In Whitstable, GPs successfully implemented a scheme where they referred patients to paramedics for home visits.However, efforts to replicate the scheme in Kent failed because of a lack of trust between GPs and paramedics.

Imison said that problems to implementing the reforms included limits on new staff’s powers and lack of regulation. For example, physician associates are currently handicapped because they cannot prescribe ionising radiation.

“The most important thing is to begin with a detailed understanding of what it is that the patient needs,” she added.

Imison also cautioned: “We perceive there is a regulation gap at the moment. Professional regulators are not keen to get into these advanced roles, but also the system isn’t set up for it.”

During another session at the conference, Jackie Smith, chief executive and registrar at the Nursing and Midwifery Council, confirmed that her organisation has not yet been asked to regulate the new nursing associate role.

Introducing Imison’s report, Professor Ian Cumming, chief executive of Health Education England, said workforce roles were already changing. “How professionals are trained is not how they are used,” he said, adding that staffing shortages in the NHS make restructuring the workforce an urgent priority.

Prof Cumming said the workforce is facing a shortfall of 25,000 acute care nurses against 2012 predictions due to the need for more nurses following the Mid-Staffordshire scandal, but currently trains just 20,000 nurses in total.

“I would argue when money is tight, that’s when we need to be investing more in education and training,” he said.

Prof Cumming added that high turnover in the NHS was also a problem, saying reforms must do more than “produce more and more staff, and then treat them so badly that they leave”.
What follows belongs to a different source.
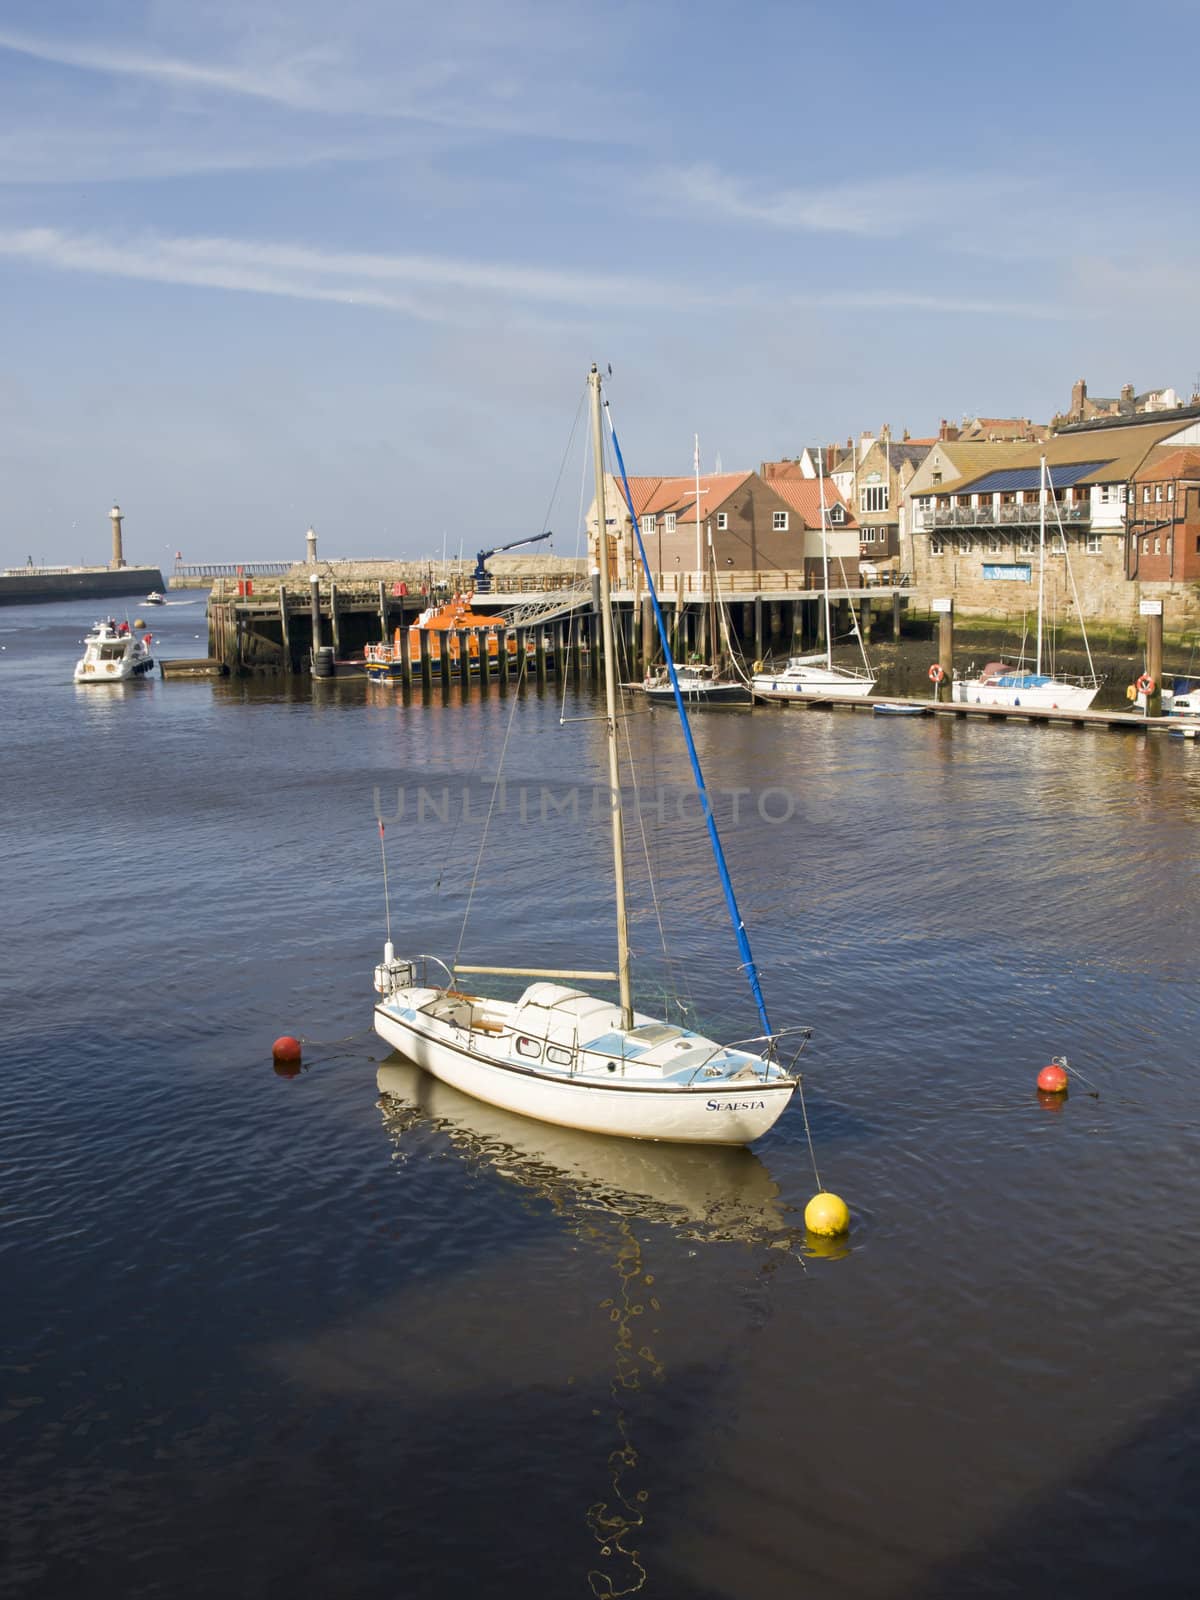 A tranquil scene at Whitby with a boat at rest in the harbour
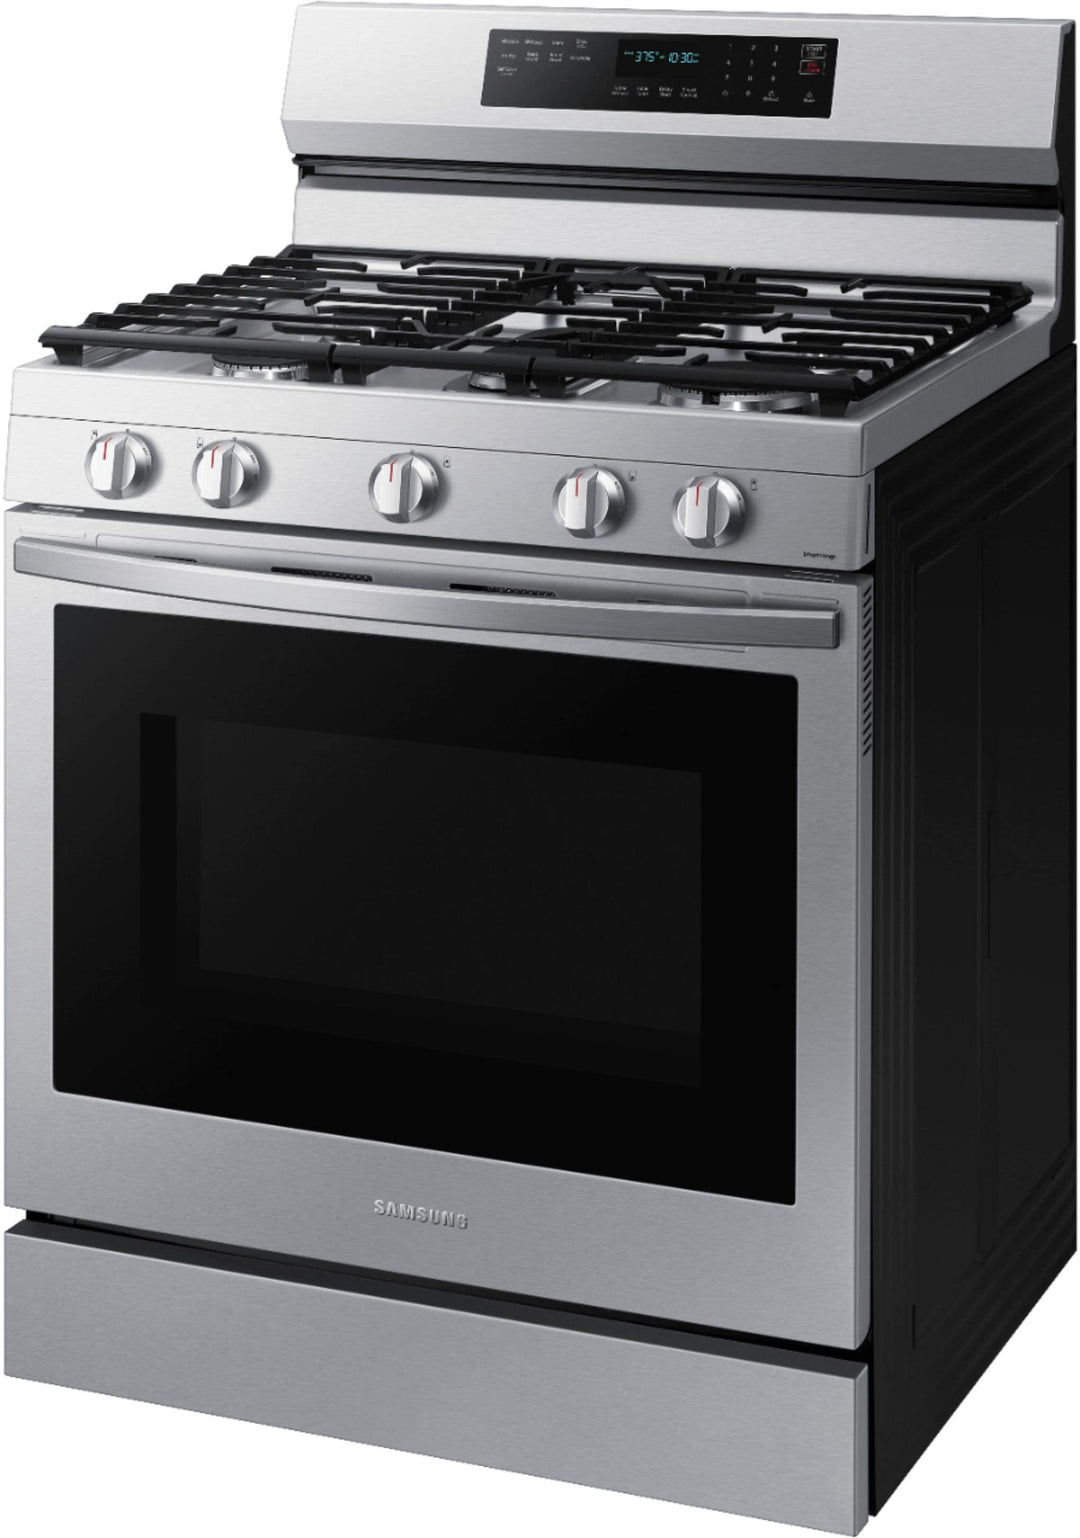 Samsung - 6.0 Cu. Ft. Freestanding Gas Convection+ Range with WiFi and No-Preheat Air Fry - Stainless steel_7

He also said staff training should reflect reforms in the NHS and prepare a workforce for the NHS in 2030, not the NHS as it is today.

For instance, training is currently focused around hospital care despite proposals to deliver more care in patient homes and the community, something Prof Cumming said should be “turned on its head”.

He also urged trusts to be more receptive to ideas from other places, saying there was a mentality in the NHS of ‘we want to recreate our own’. “We have got to change that culture,” he added.

Prof Cumming also said that workforce reforms needed to be implemented within 15 months, not 15 years.

Kate Dale, mental and physical health project leader at Bradford District Care FT, talked about a project she had led to treat the high comorbidity between mental and physical health conditions by training mental health nurses to recognise signs of physical deterioration in their patients.

However, Dr Andy McElligott, medical director at Bradford District Care FT, said that although he supported the workforce reforms, they should be implemented with care.

“Twenty-first century healthcare is not going to easily lend itself to twentieth century roles,” he said. “Let’s do it properly, let’s do it at the right pace and let’s do it for the right reasons.”

Dr McElligot noted that health leaders must clarify the new roles, implement them in the most cost-effective way, and that staff should show humility in accepting what they could and couldn’t do.

“The biggest danger is posed by the over-confident practitioner,” he said.